Her spine stiffened. “I’m sorry. You must have me confused with a St. Bernard. Did you just give me an order?”

“I need to speak to you privately.” He pointed toward the door. “Inside.”

She scoffed. “Well, I don’t know if I feel like going inside. Are you going to put me in a crate?”

He pressed his lips together. “We need to discuss your actions today. I’m in no mood for games. Move.”

“Move?” She practically choked on the word. “Why are you talking to me like that?”

“Because you disobeyed me,” he snapped. “You deliberately ignored every order I gave when you carelessly helped those people. You put yourself and The Order at risk. There are consequences for such crimes. Can you grasp that? Do you understand the situation you put us in? I’m your mate, but I’m also an elder. I have a duty to uphold our laws, and the last thing I need is another disobedient female with my name.”

“Well, lucky for you, I don’t have your name.”

“You’re still my mate. Your behavior reflects on both of us.”

“My behavior?”

“You had no right to touch that mortal child!”

“He would have died, Christian!”

“Then he would have died. Mortals are fragile by design. We cannot interfere with God’s plan.”

“This isn’t about God. This is about an innocent baby that almost lost its life today, but didn’t. That child is alive because of me.”

“There were witnesses!” he roared. “They saw you! Don’t you see? Our blood could save all of them, but the minute they realize that, our entire race would be endangered. They are not our allies. They’re greedy. They would capture us and bleed us dry if it ensured their own advancement. Is that what you want? For them to hunt us, tear us from our homes, rip our families apart? Do you have any idea how dangerous your actions were today?” He threw two phones onto the porch and she flinched.

Weak from healing so many animals and losing blood, she bent to pick them up. Her first thought should have been her salvation. It was the first time she held a phone in more than a week. She could call someone to come get her. But instead, she thought about The Order.

“They took video?”

“Yes.”

“Did you erase it?”

“I don’t know how.”

Her hands shook as she activated the devices. The unfamiliar settings were different from her own, so she had to search for the camera app. Once she found it, she located the video.

“Holy shit!” The voice of the man recording said. “Look at her fucking eyes! What the fuck…”

“Dude, she’s got fangs!”

Delilah winced as the camera zoomed in. She looked horrifying. She knew she was saving the baby, but it looked much worse on video.
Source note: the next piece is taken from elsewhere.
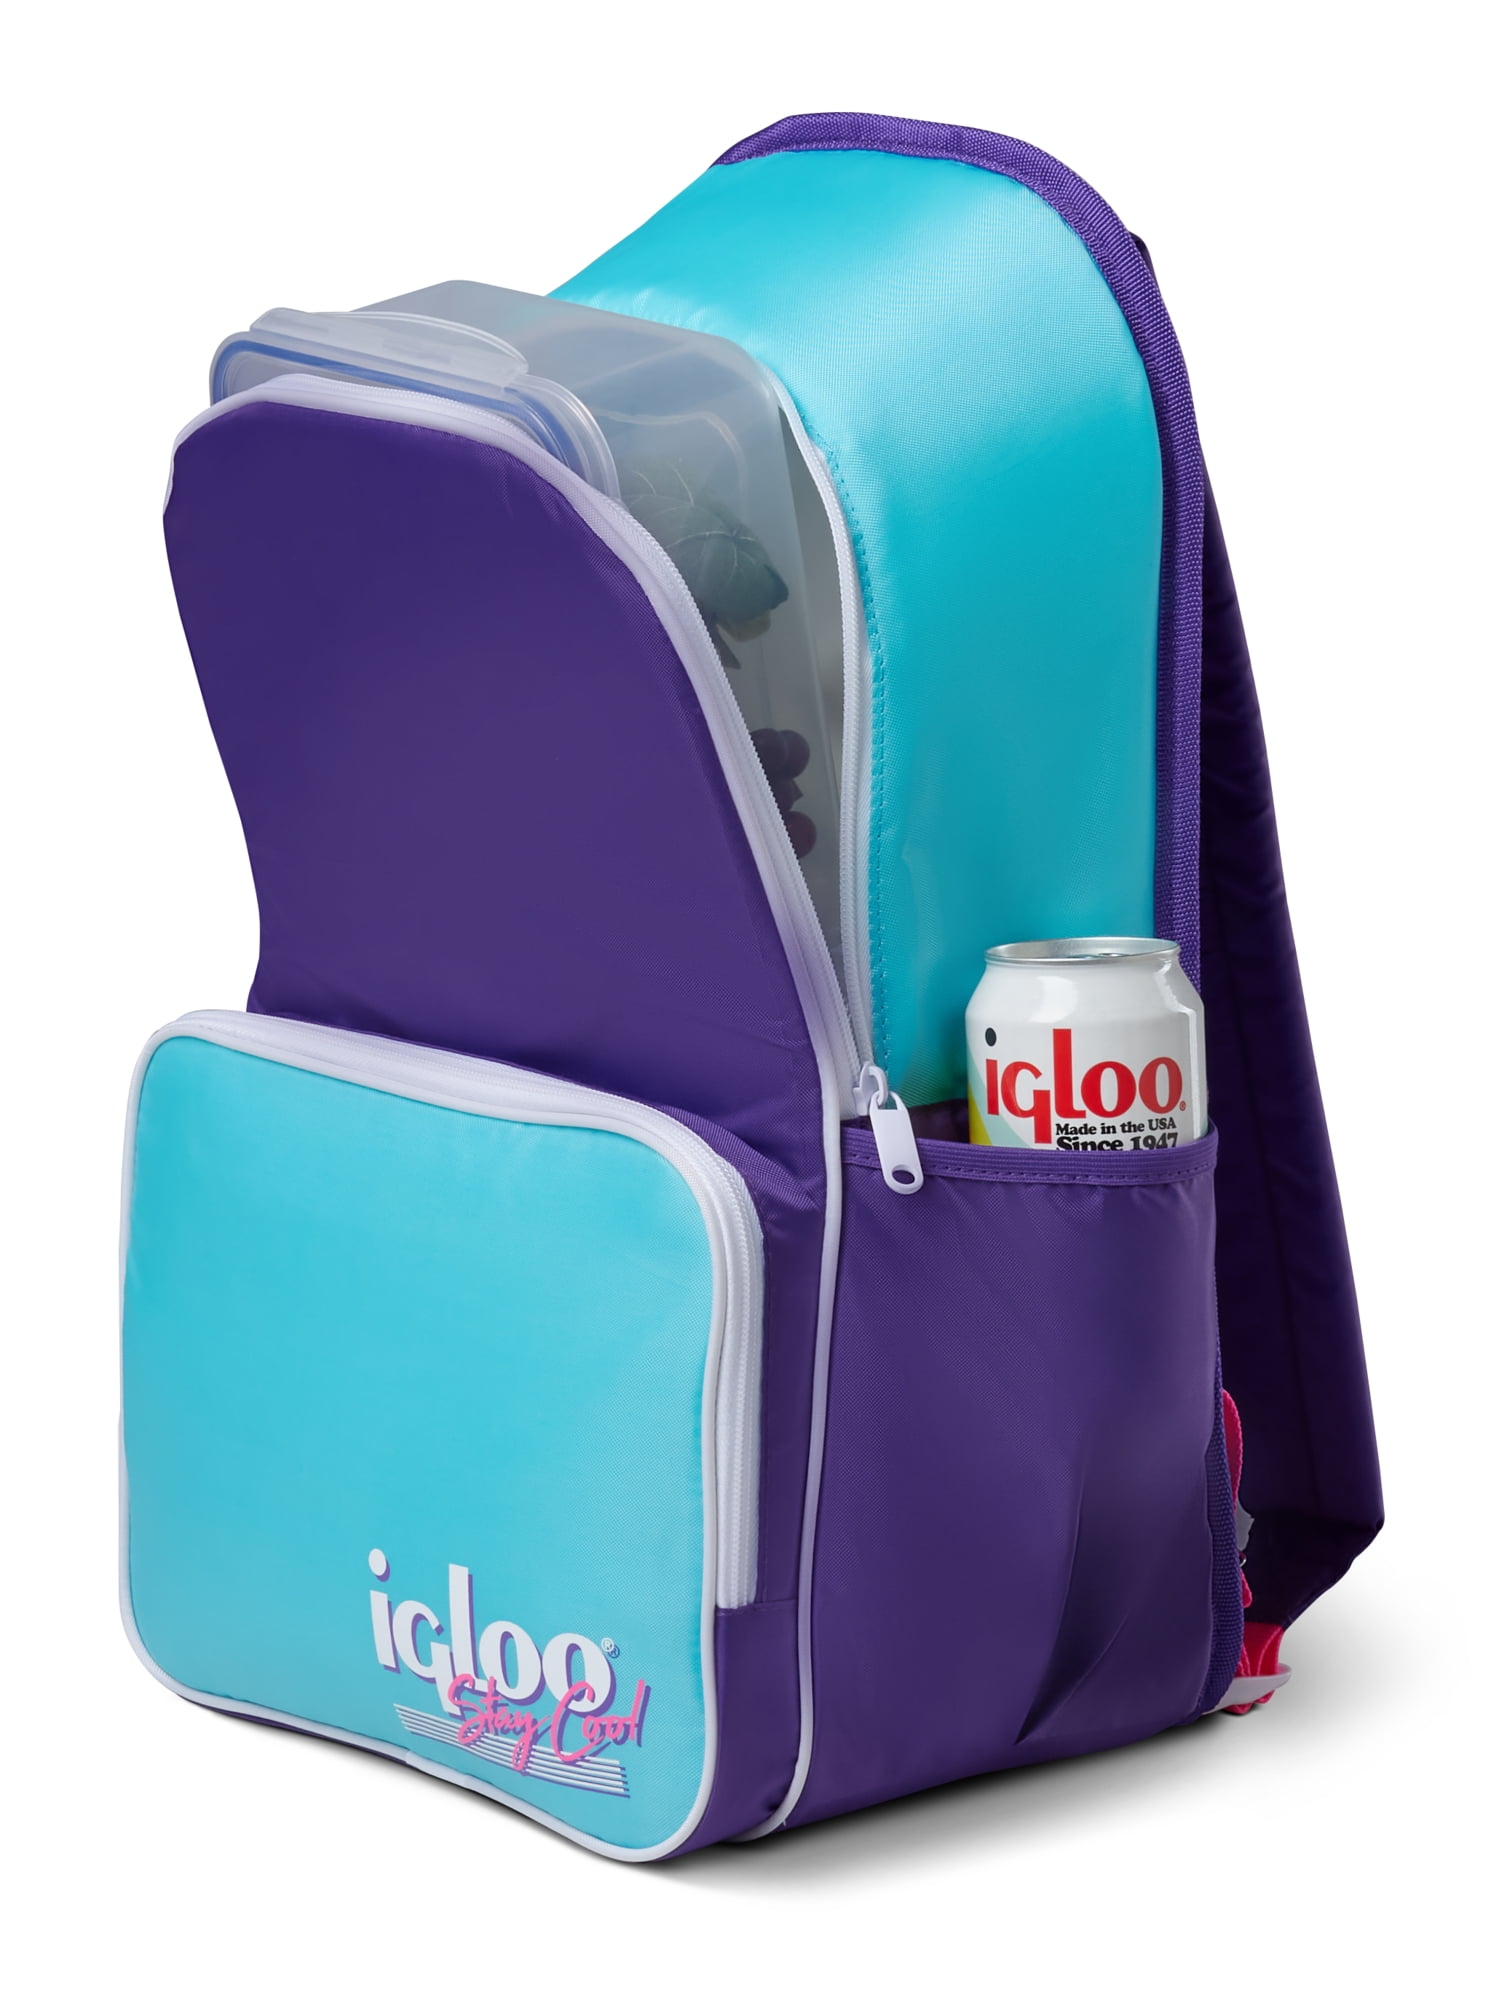 igloo retro backpack

She deleted the clip and made sure the recently deleted folder was empty. “It’s gone.”

“It’s a phone, Delilah. How do we know they didn’t send it to others?”

Her heart dropped. Fingers shaking, she opened up the text messages and checked for recent threads. “There’s nothing in texts.” She checked the email. That was also clean. Her stomach pinched when she slid through the apps and saw how many social media platforms there were. “This is going to take a minute.”
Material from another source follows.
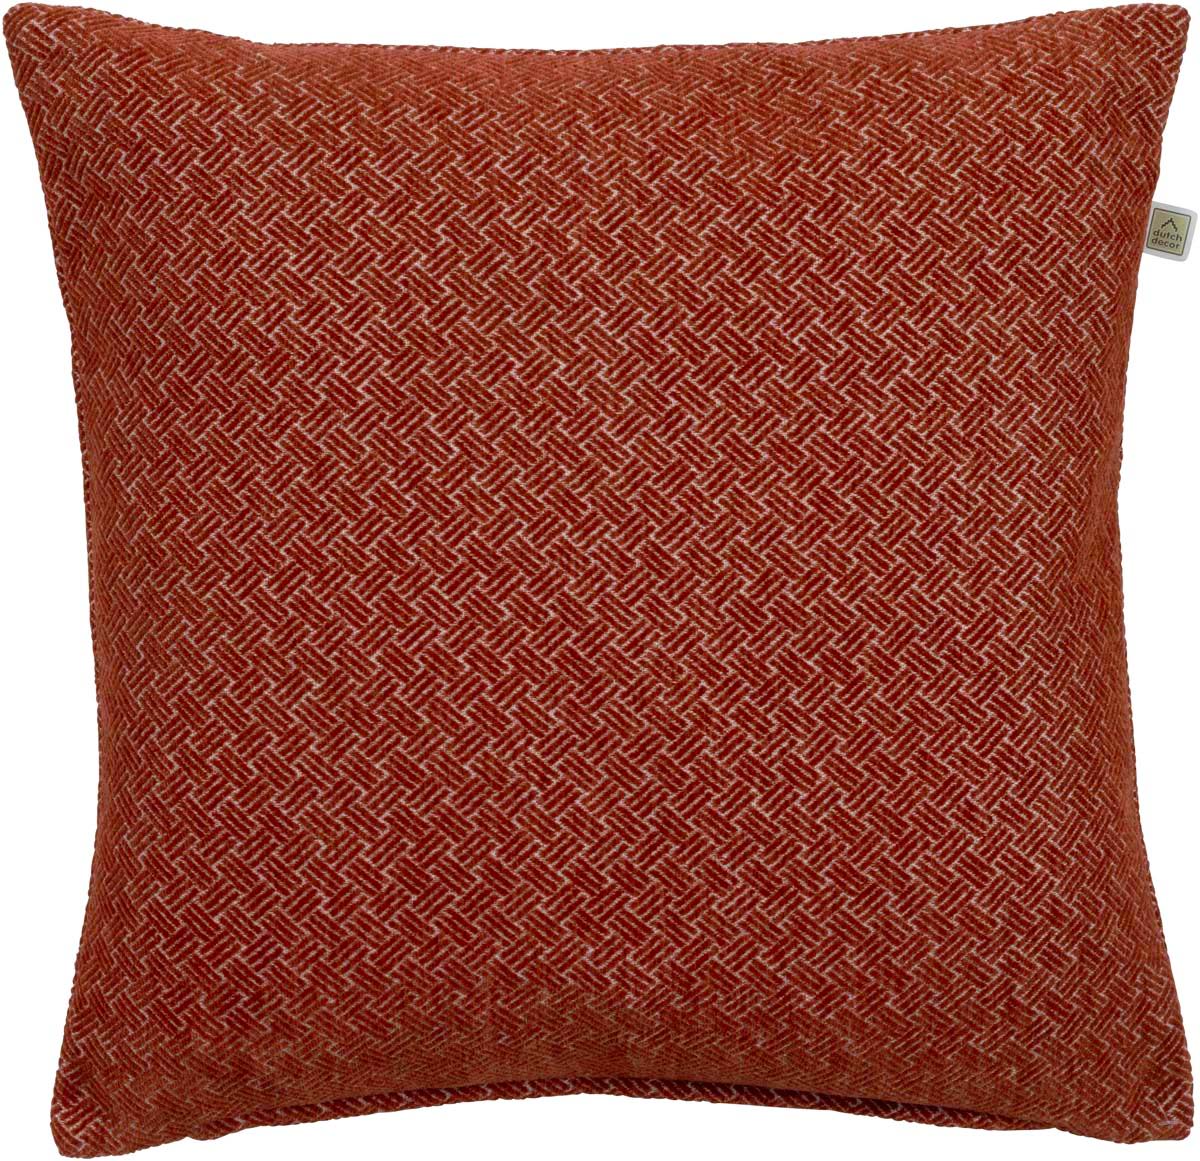 KATAN - Sierkussen 45x45 cm -  chili - rood - visgraat patroon

She dropped into the rocking chair, her body shaking with tension and her vision blurring. He was right. Her actions put them all at risk. She hadn’t considered how quickly a video like that could go viral.
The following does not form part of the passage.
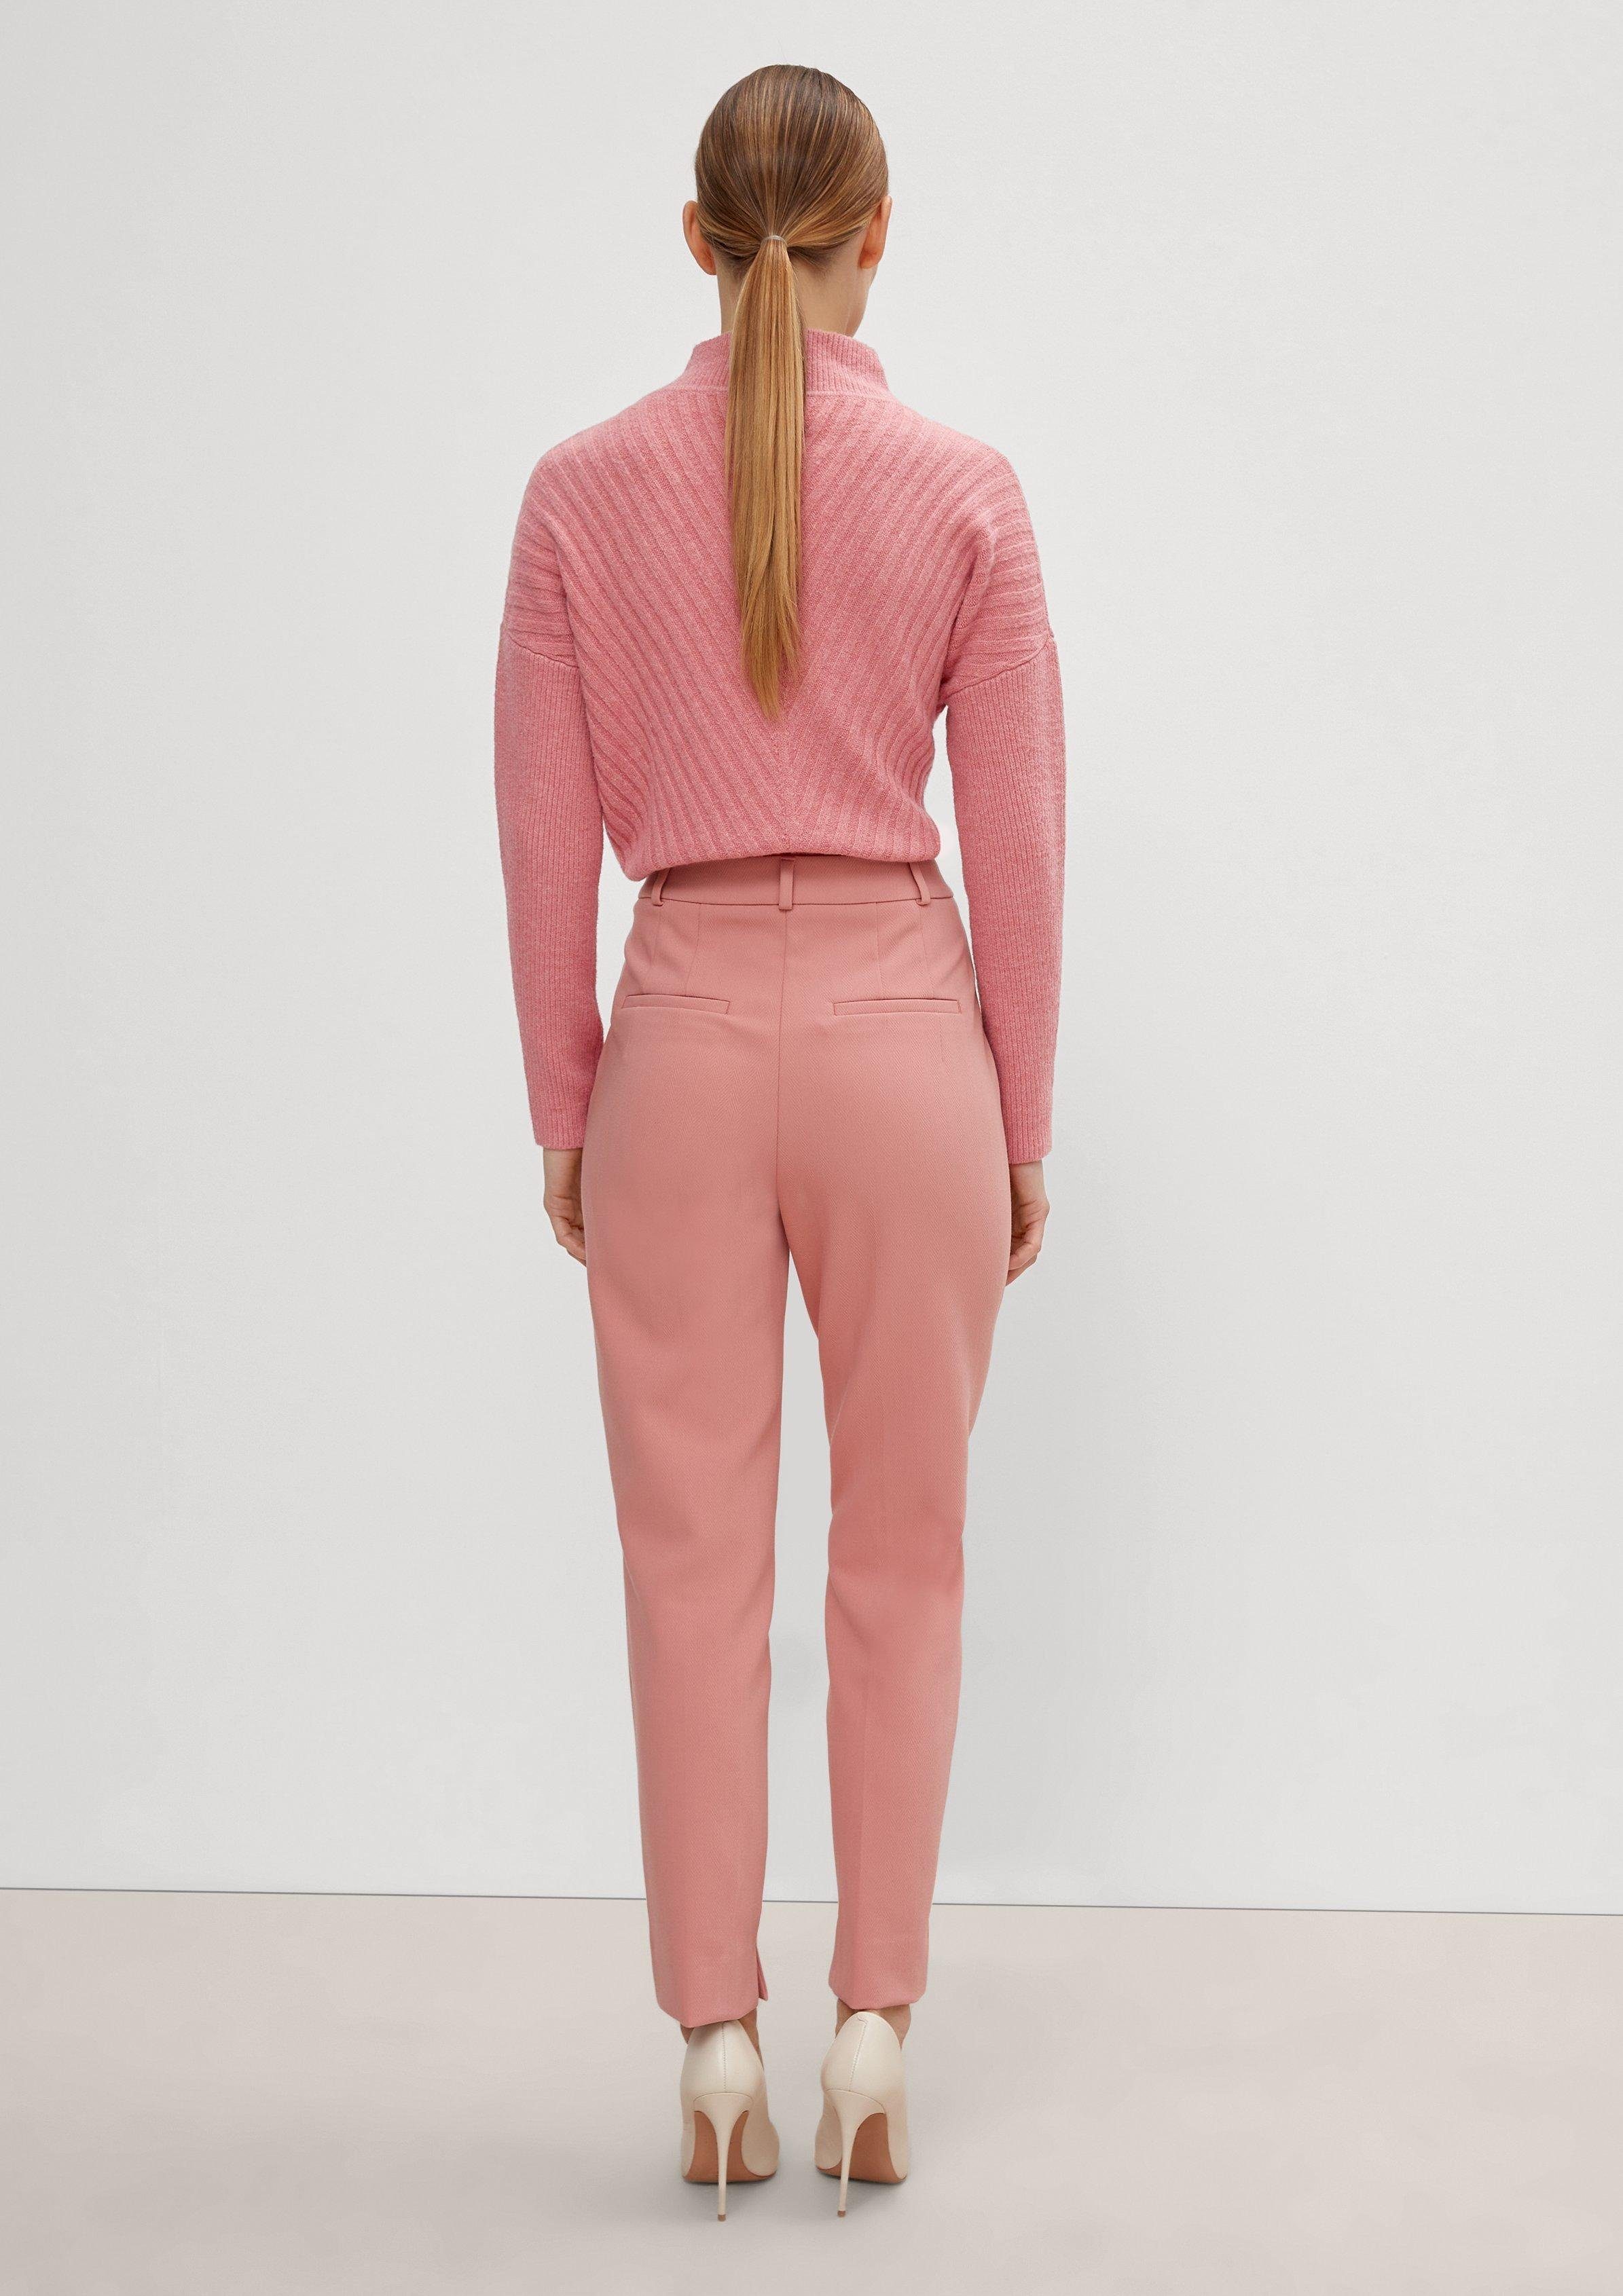 Langarmshirt Wolle aus Comma Strickpullover Baumwollmix rosa mit

Her shame grew when she considered the unwritten rule about not photographing the Amish. The Order had done everything in their power to ensure the safety of hundreds of immortals trying to live peacefully, and she’d put them all in jeopardy within one week.

As she worked her way through each social media app, searching for any traces of uploaded footage, a tear dripped onto the screen. She deserved to feel terrible. She deserved Christian’s fury and more.

“It’s clean,” she said, handing him back the phone only to have him give her the other one. This one had a video of her running, her speed alarming, and probably what caused them to video her in the first place while they waited for the EMTs.

By the time she scrubbed both phones it had started to rain. She had questions but sensed Christian’s reluctance to speak any more about the victims of the accident.

Had he erased their memories? Was the baby going to be okay? What if she gave him too much blood? What if they ran blood tests at the hospital and found traces of her blood in little Ethan’s labs?